# Cyber Acoustics Microphone Doesn't Work



## Hard Drive C: (Jun 23, 2007)

Okay. So I just recently got a new mic. I was really happy because I had wanted one for about 5 months! So it got here and I was sooooo happy! THIS IS MY MIC! IT'S HERE! YESSS!

Wrong. I plugged it in and I could hear everything through it fine; music, sound, etc. 

But when I tried to speak into it? Nothing. Not even feedback.

I've searched the internet and other people appear to have the same problem. Can someone help me?


----------



## Done_Fishin (Oct 10, 2006)

first thing to do is double click on your volume control so that your mixer control opens up .. you will find the volume control icon in your systray and looks liker a little speaker ..

With your mixer control opened make sure that the microphone panel is showing ..
1st thing to check is that it is NOT muted ie the box is unchecked 
next tap your mic with a finger (with your Master volume high ..) to see whether you can hear the sound through your desktop speakers, adjust the mic volume while you do this, if you don't hear anything
If the mic volume is at max and you didn't get any feedback .. ie sound .. put the mic volume control to zero and click on advanced then check the box for 20db boost .. exit to the mixer and try again .. slowly raise the volume as you tap the mouth of the microphone


----------



## Hard Drive C: (Jun 23, 2007)

I lost you when you said the speaker icon, because it's not in my system tray.
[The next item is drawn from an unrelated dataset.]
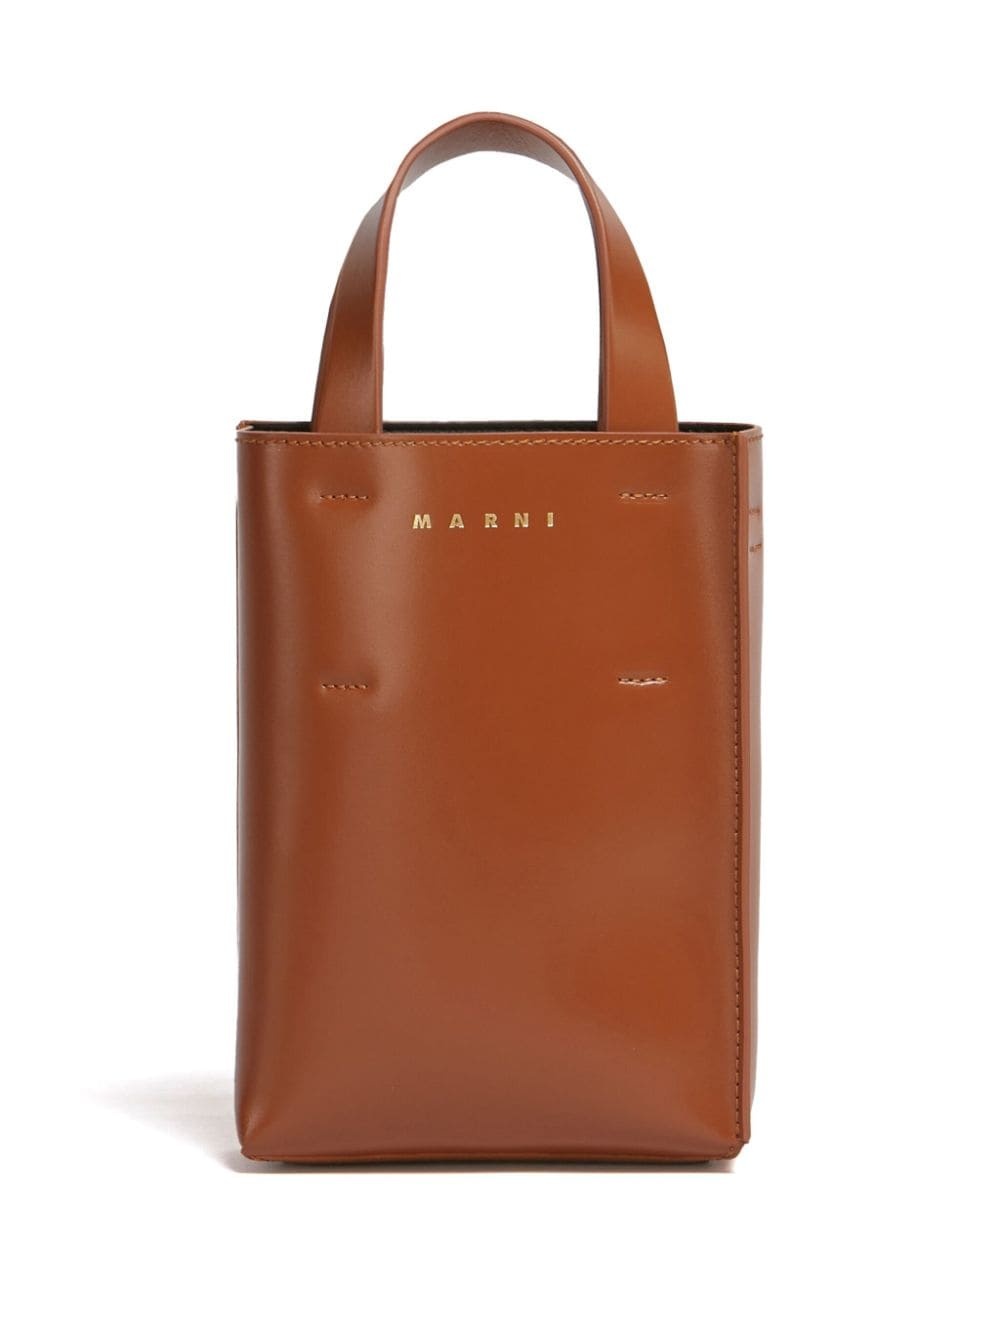 engraved-logo leather tote - 1

Is there any other way to access it??


----------



## Done_Fishin (Oct 10, 2006)

Start / Settings/ Control Panel / Sounds & Audio Devices

whilst there .... check the box that says place volume icon on the taskbar (you will now get that speaker icon)

click on advanced .. 

the mixer control should now open ..
If your microphone is not display look for options on the menu bar .. select options and then place a check in the the box by "microphone" select enter to return to the playback mixer . and try what I said earlier


----------



## Hard Drive C: (Jun 23, 2007)

I went to options and then properties in Volume Control and there were three radio buttons that said Playback (which was ticked), Recording, and Other (which I couldn't select because it was greyed out). I ticked Recording and under Show the following volume controls: line in, rear mic, and microphone were checked. Then I clicked OK and the panels for line in, rear mic, and microphone appeared. There were boxes that could be ticked but they didn't say mute, they said select. (also rear mic and microphone had advanced buttons) 

Since mute and select aren't the same. . . what exactly do I do now? (thanks for helping )


----------



## Done_Fishin (Oct 10, 2006)

you are ok doing what you have done but you needed to do it in playback .. the recording would have come later when you want to record from the microphone .. the boxes are to select the recording source .. go back and check out the playback now and ensure that the microphone is aprt of teh playback layout


----------



## Hard Drive C: (Jun 23, 2007)

Yeah, that's what I was confused about. It's not.


----------



## Done_Fishin (Oct 10, 2006)

if it's not in the playback list .. go to the menu bar and select options 
place a check in the the box by "microphone" select enter to return to the playback mixer .. more or less as you did with the recording setup .. but this is playback


----------